**What is required**
Once the pictures are removed, restate the listing word for word.

**Data below**

##############################

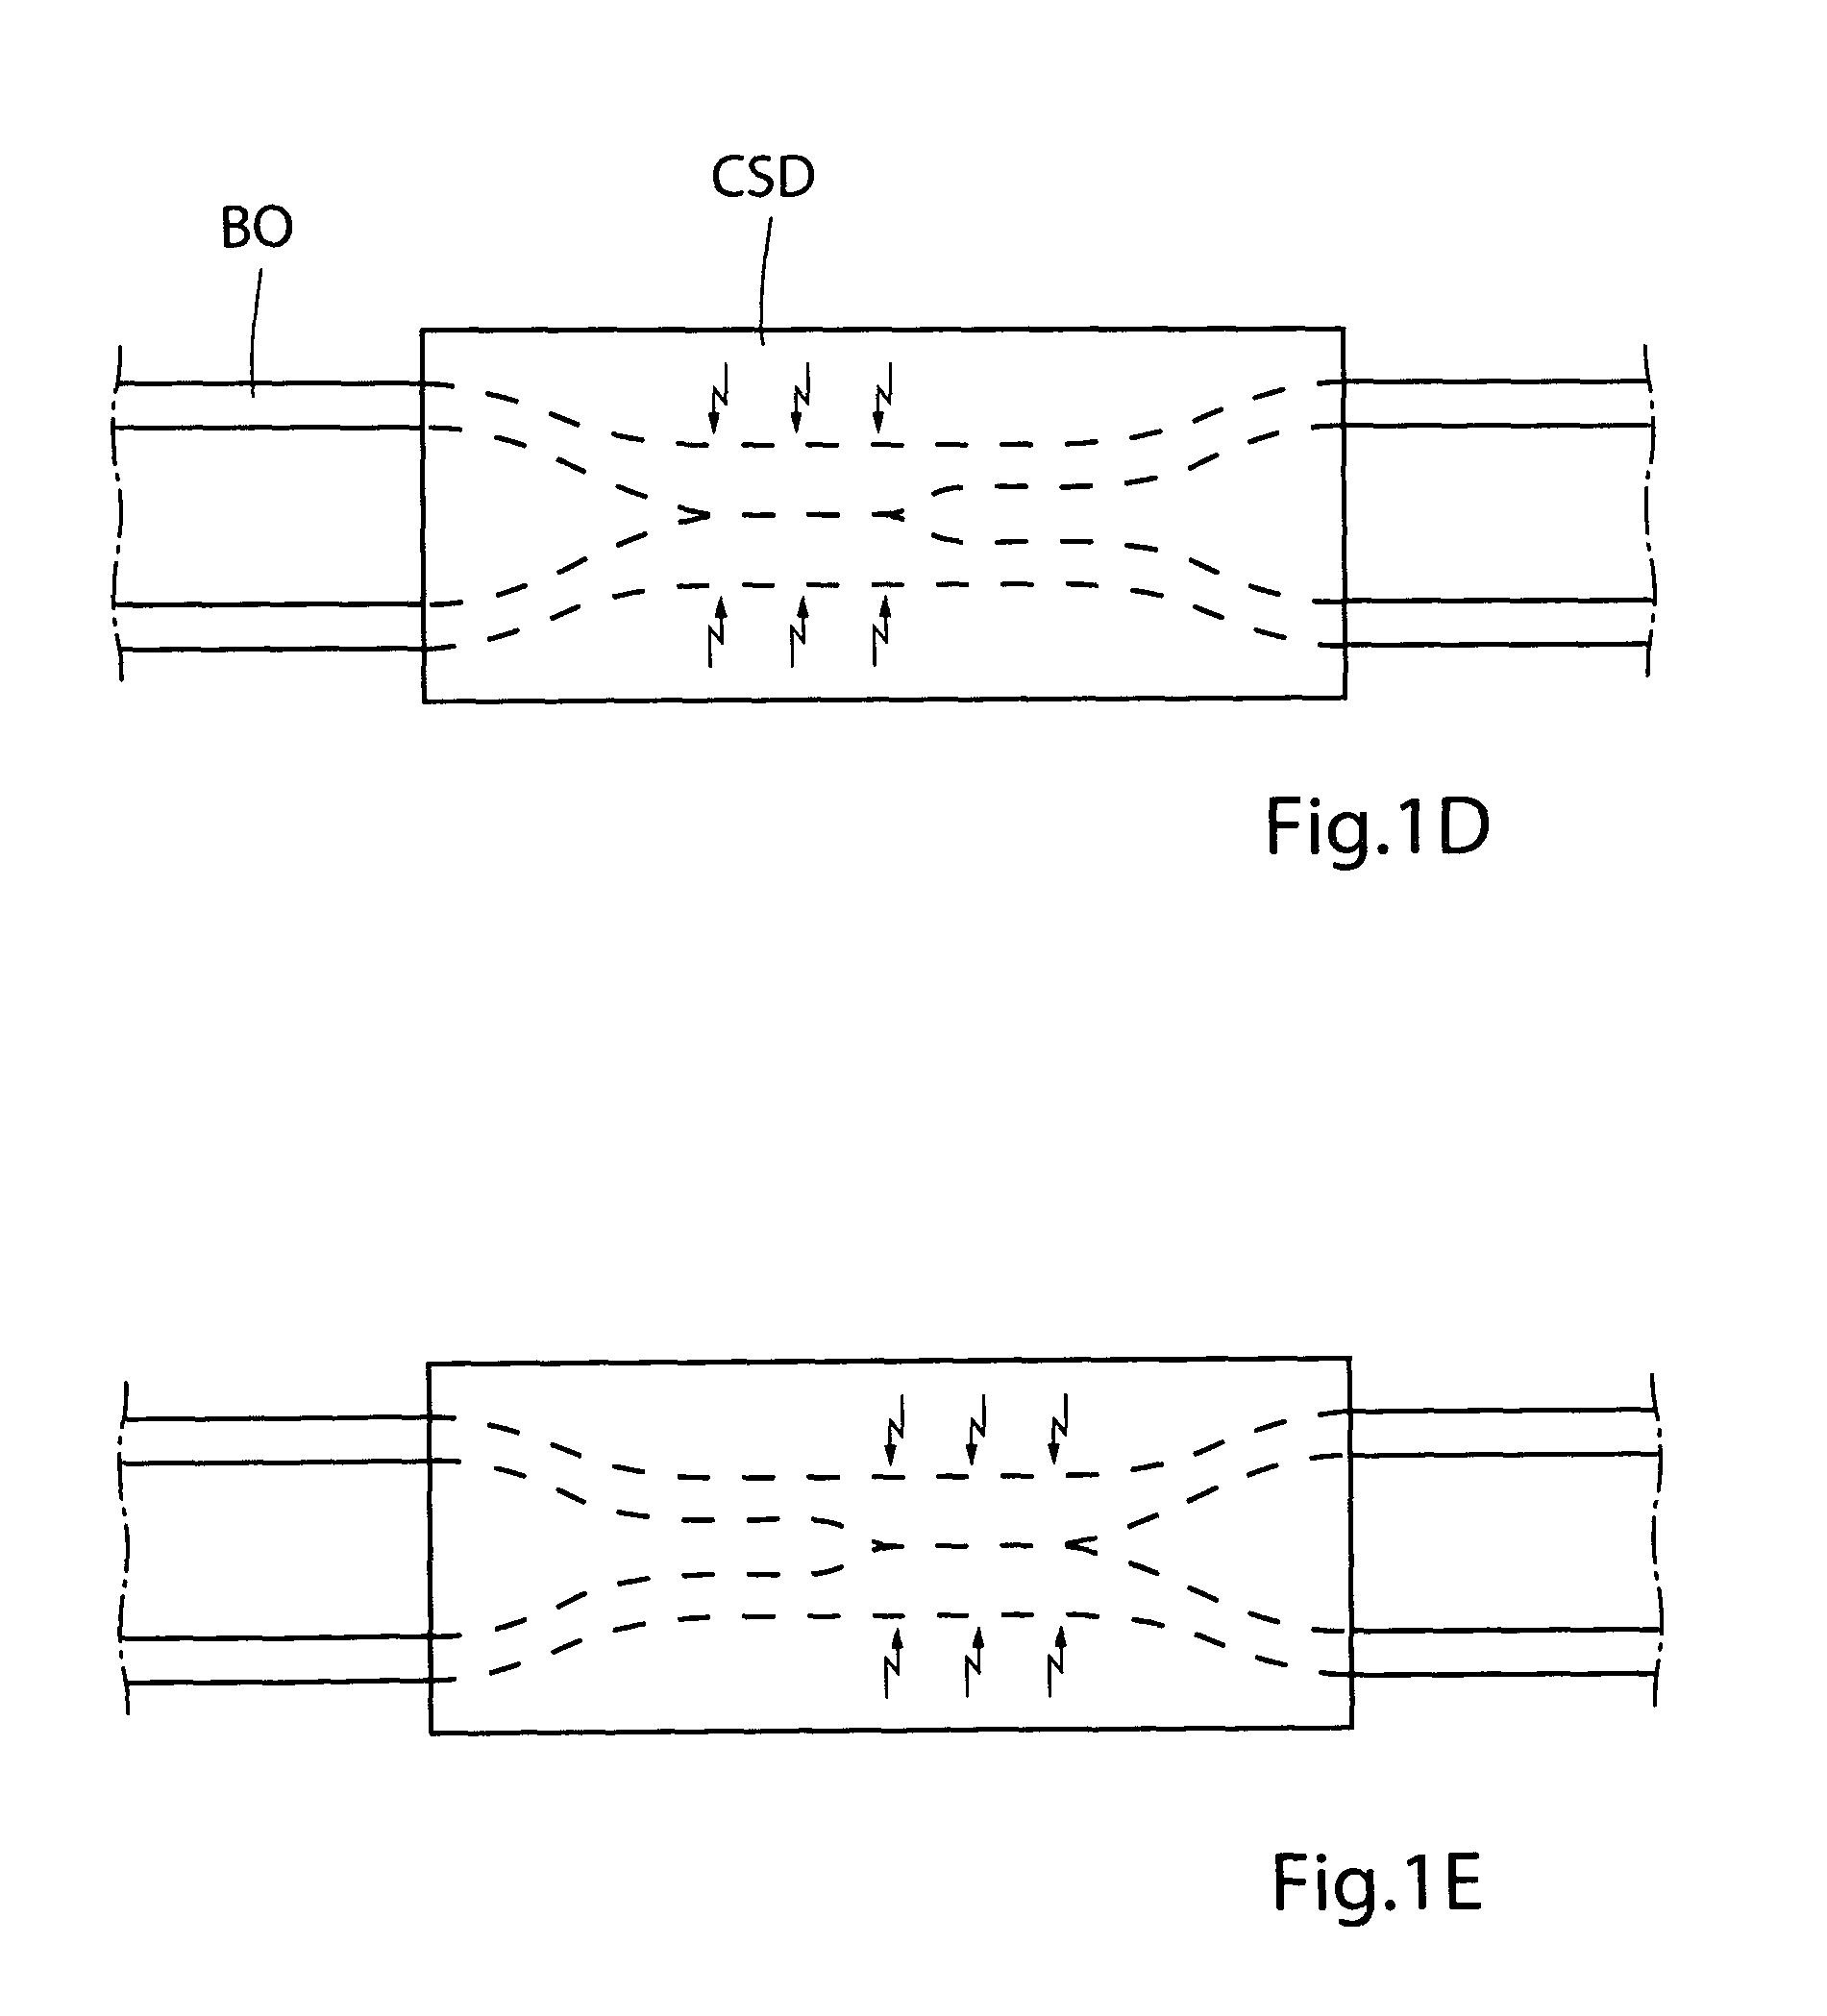 Method for controlling flow of intestinal contents in a patient's intestines
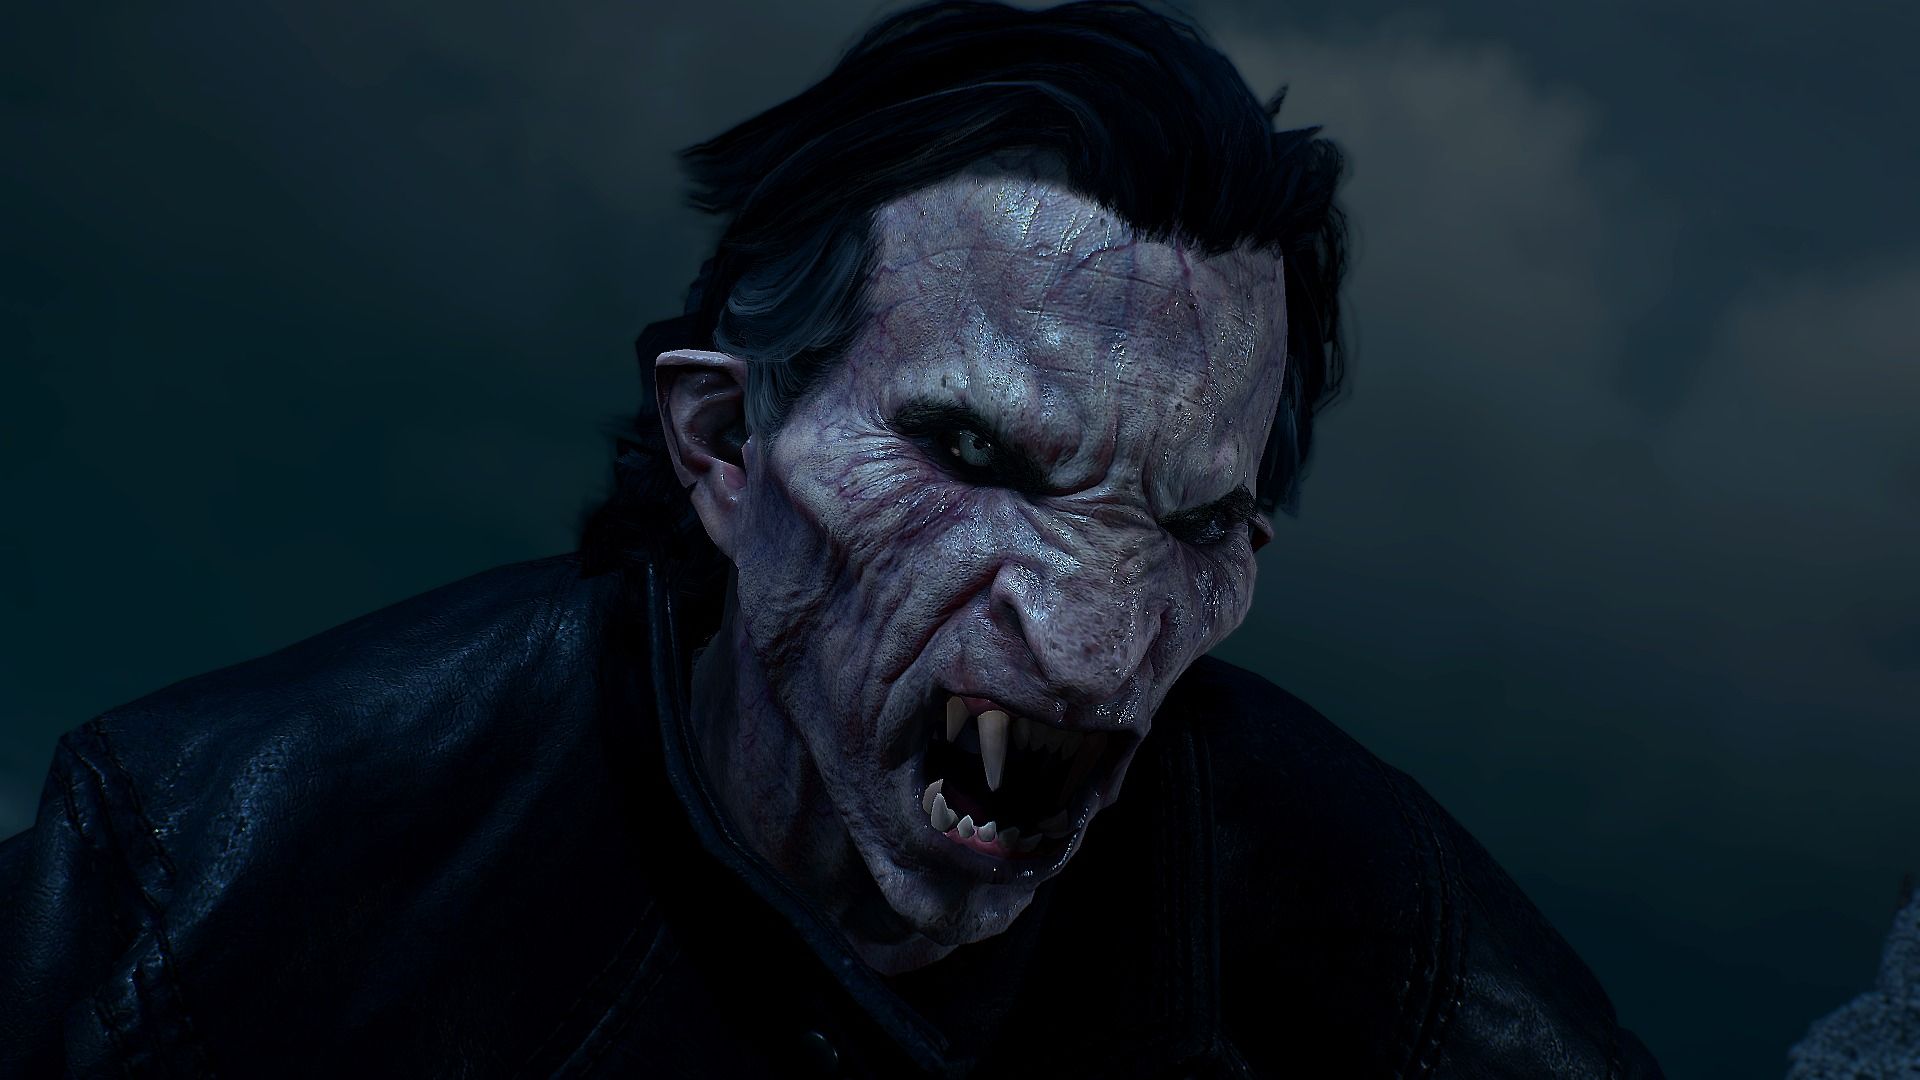 The Witcher 3 Higher Vampire Detlaff Face
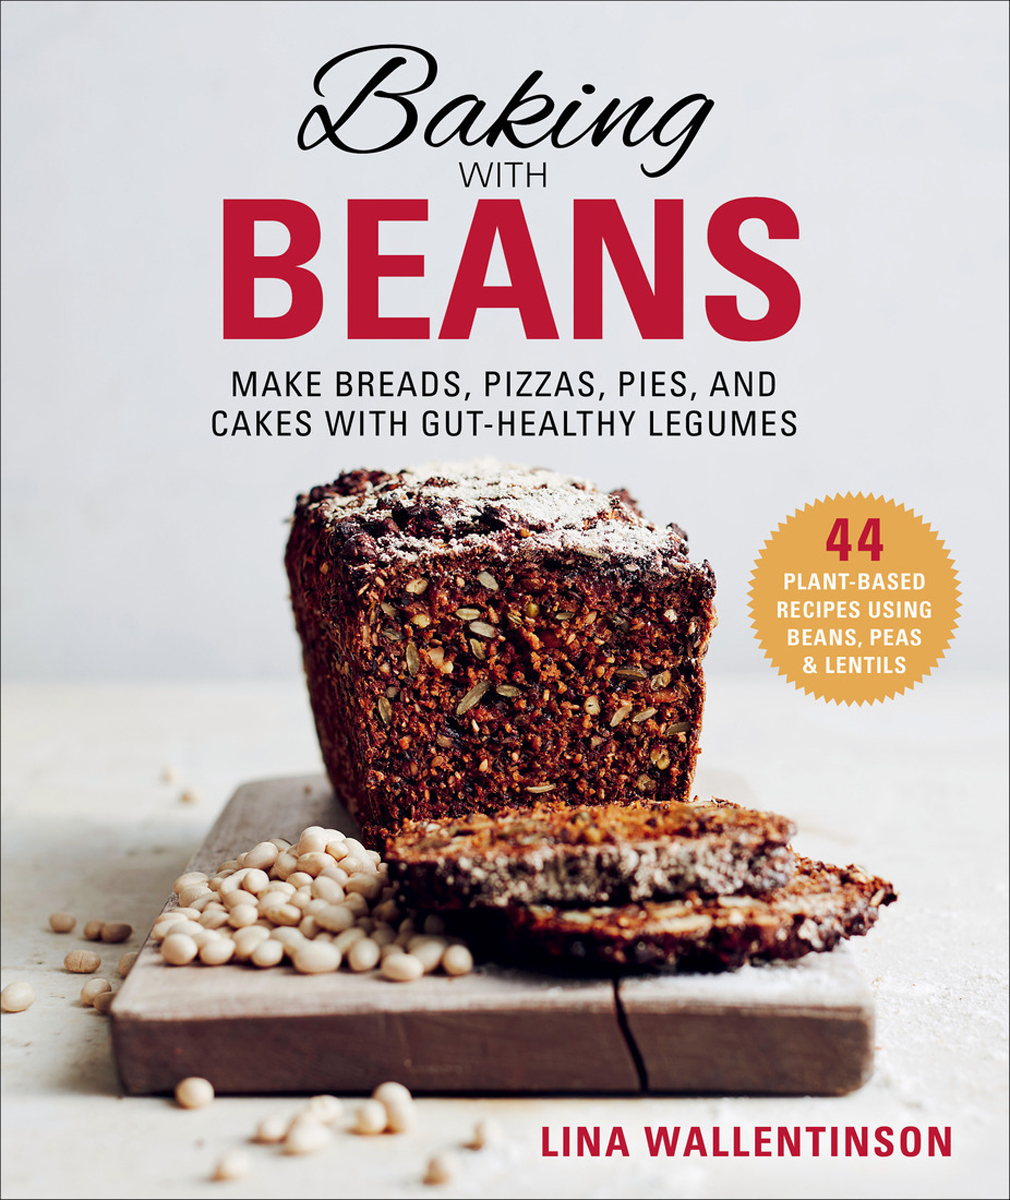 Baking with Beans Make Breads Pizzas Pies and Cakes with Gut-Healthy Legumes - photo 1
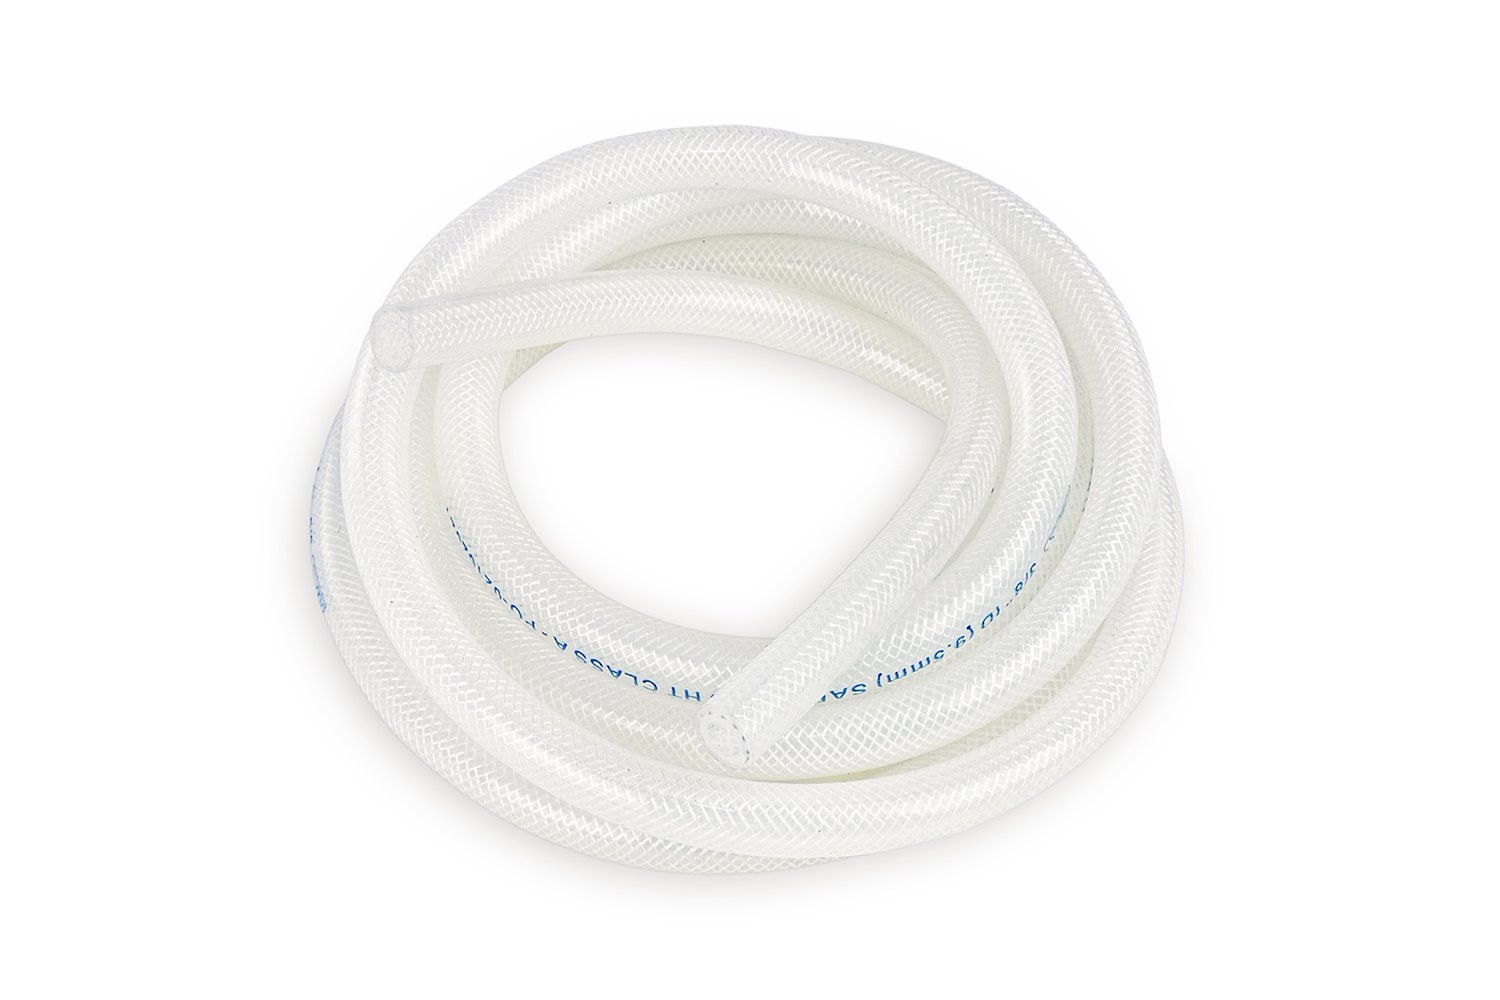 HTHH-016-CLEARx10 Silicone Heater Hose Tubing, High-Temp Reinforced, 5/32 in. ID, 10 ft. Roll, Clear

##############################

**Written solution**
 Method for controlling flow of intestinal contents in a patient's intestines
 The Witcher 3 Higher Vampire Detlaff Face
 Baking with Beans Make Breads Pizzas Pies and Cakes with Gut-Healthy Legumes - photo 1
 HTHH-016-CLEARx10 Silicone Heater Hose Tubing, High-Temp Reinforced, 5/32 in. ID, 10 ft. Roll, Clear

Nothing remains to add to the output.